Trojan

Should I remove “Trojan:Win32/Delfsnif!I”?

Malware Removal

The Trojan:Win32/Delfsnif!I is considered dangerous by lots of security experts. When this infection is active, you may notice unwanted processes in Task Manager list. In this case, it is adviced to scan your computer with GridinSoft Anti-Malware.

GridinSoft Anti-Malware

Gridinsoft Anti-Malware

Removing PC viruses manually may take hours and may damage your PC in the process. We recommend using GridinSoft Anti-Malware for virus removal.

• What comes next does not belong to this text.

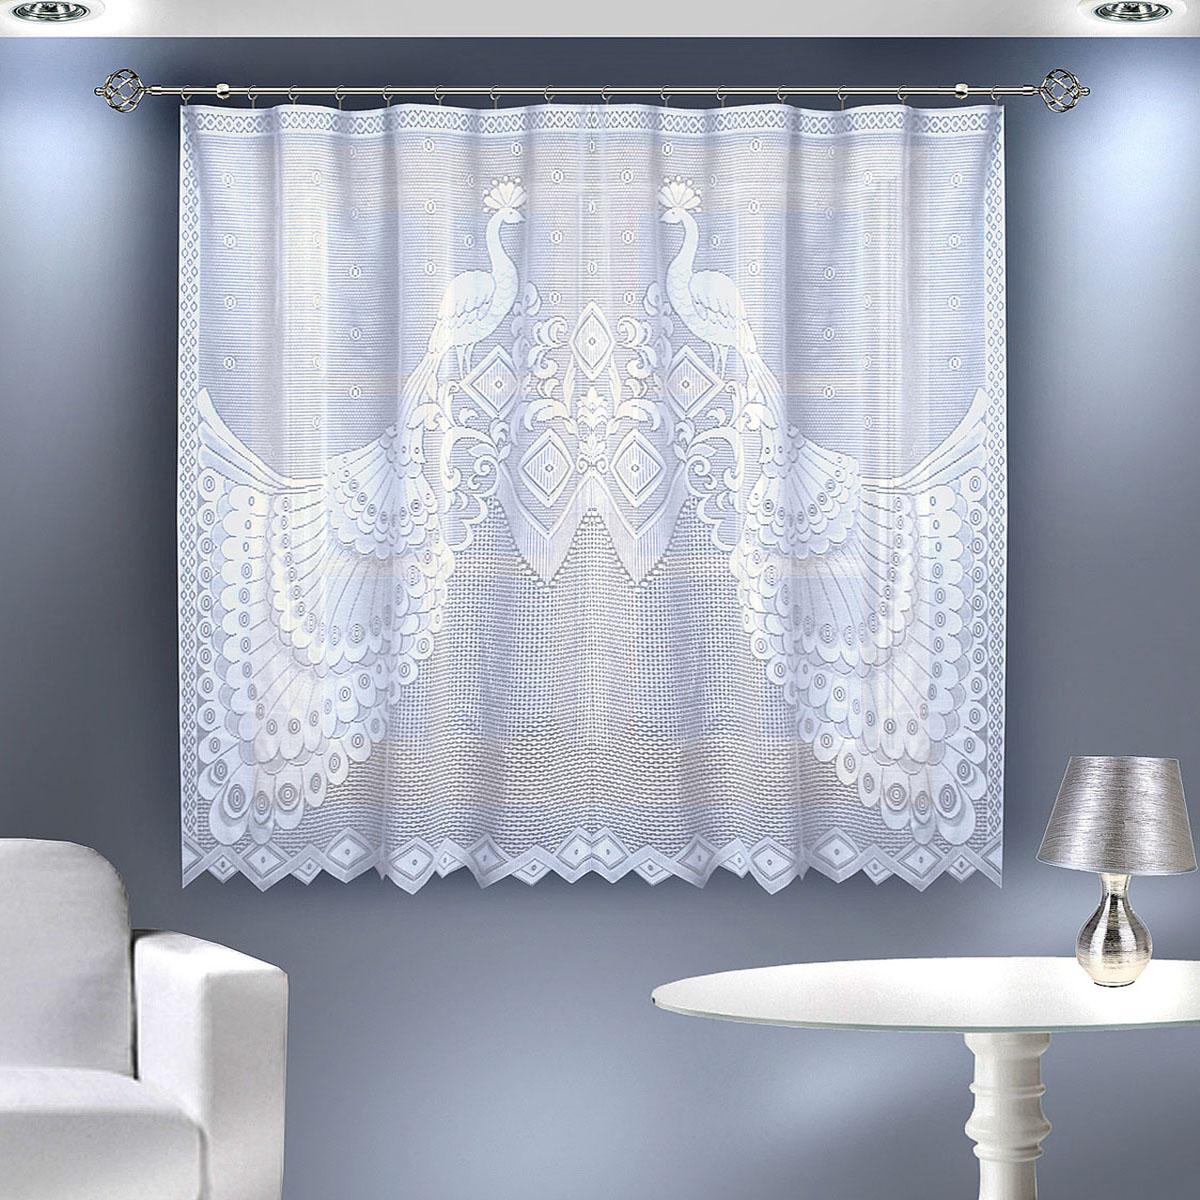 Гардина Zlata Korunka, цвет: белый, ширина 200 см, высота 145 см88805 белыйГардина из тюле-кружевного полотна, крепление через прорези,сделанные в верхней части или на зажим для штор. Размеры: 200*145

Allows to complete scan and cure your PC during the trial period.
DOWNLOAD NOW
6-day free trial available.

What Trojan:Win32/Delfsnif!I virus can do?

  • Sample contains Overlay data
  • The binary contains an unknown PE section name indicative of packing
  • Authenticode signature is invalid
  • The sample wrote data to the system hosts file.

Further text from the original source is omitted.